9. a kind of no-manned plane three-dimensional track multi-objective particle swarm Global Planning according to claim 6, feature exist In: in step (3-3), corresponding track decision scheme is formulated, is supplied to policymaker one final reference solution, method is such as Under:

By to non-domination solution X_kSatisfaction μ^kIt is calculated, the non-domination solution of Maximum Satisfaction is final selected flight boat Mark, wherein μ^kCalculation formula it is as follows:

In formula, | Ar | it is the number of non-domination solution；M is the number of objective function；μ_i ^kIt is non-domination solution in i-th objective function Satisfaction, membership function are as follows:

The maximum and minimum value of respectively i-th objective function, F_i(X_k) it is non-domination solution X_kIn i-th of target letter Several values.

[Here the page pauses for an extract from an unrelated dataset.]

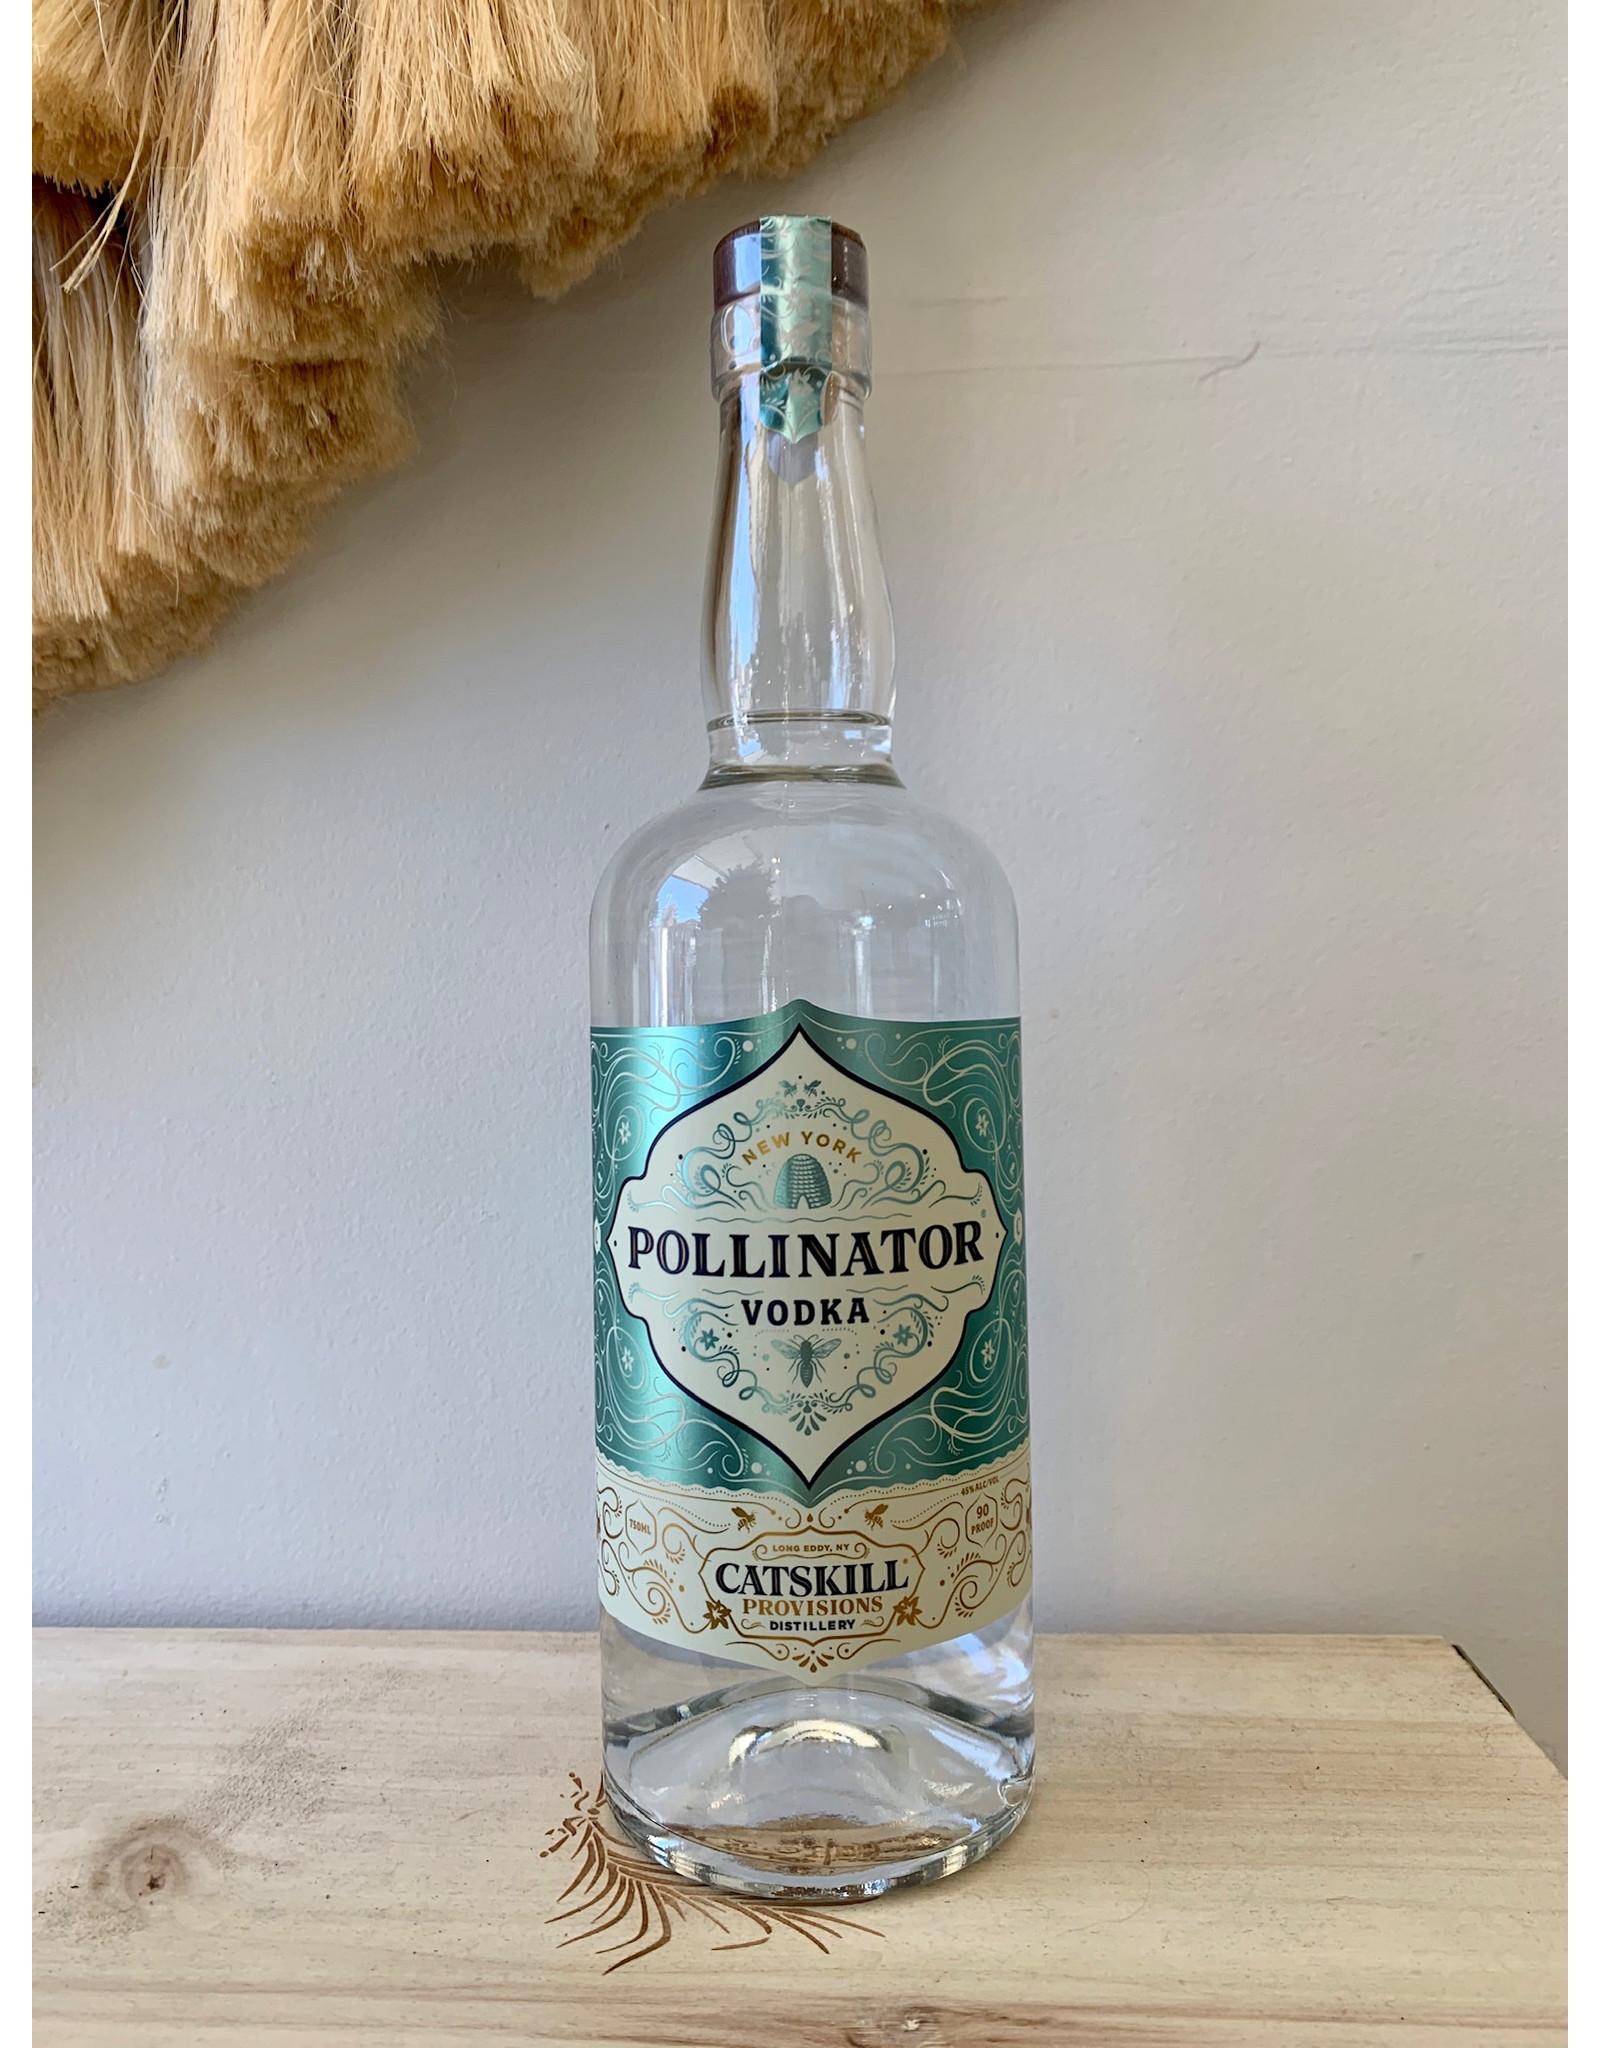 Catskill Provisions The Pollinator Vodka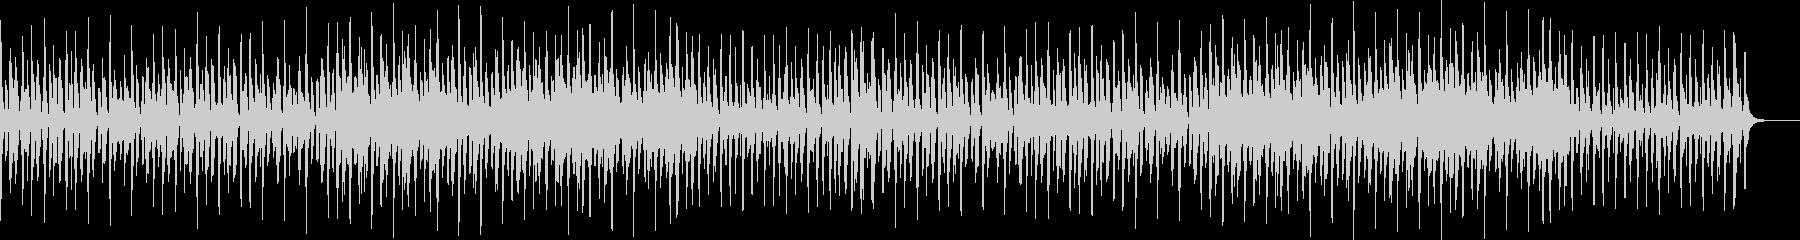 楽しい・明るい・オーケストラポップの未再生の波形

10. a kind of no-manned plane three-dimensional track multi-objective particle swarm Global Planning according to claim 6, feature exist In: in step (3-4), the execution step of the improvement multiple target backbone particle swarm optimization algorithm towards unmanned aerial vehicle flight path planning is such as Under:

(3-4-1) setting algorithm relevant parameter, the scale Ns including population, the number of nodes Nt of population, external storage collection Capacity is Na, the number of iterations Ts；

(3-4-2) encodes the particle in population, the position of each particle in random initializtion population, and setting is each The individual extreme point Pbest of particle is the initial position of the particle；

(3-4-3) evaluates the target function value of each particle, i.e. step (2-1) the track length cost, step (2-2) is described Cost and step (2-3) the concealment cost are threatened, the non-domination solution in population is returned, non-domination solution is saved in outside In storage set, and assignment is carried out to the global extreme point Gbest of particle；

The Gaussian Profile of (3-4-4) based on Pbest and Gbest carries out location updating to particle, judges the particle updated production Whether track section track passes through massif, and new position is regenerated if passing through, until the corresponding track of produced particle not Massif is passed through again；

(3-4-5) evaluates the target function value of each particle, i.e. step (2-1) the track length cost, step (2-2) is described Cost and step (2-3) the concealment cost are threatened, individual extreme point Pbest is updated by dominance relation；

(3-4-6) carries out Pareto ratio for the previous generation non-domination solution of the new population non-domination solution generated and external storage concentration Compared with being updated to external storage collection, judge whether external storage collection is greater than the capacity Na of external storage collection, if it is, right Population is cut；

The global extreme point Gbest of (3-4-7) more new particle；

(3-4-8) judges whether the termination condition for reaching algorithm, Pareto optimal solution set is if it is exported, if weighing without if Multiple above (3-4-4) to (3-4-7) step.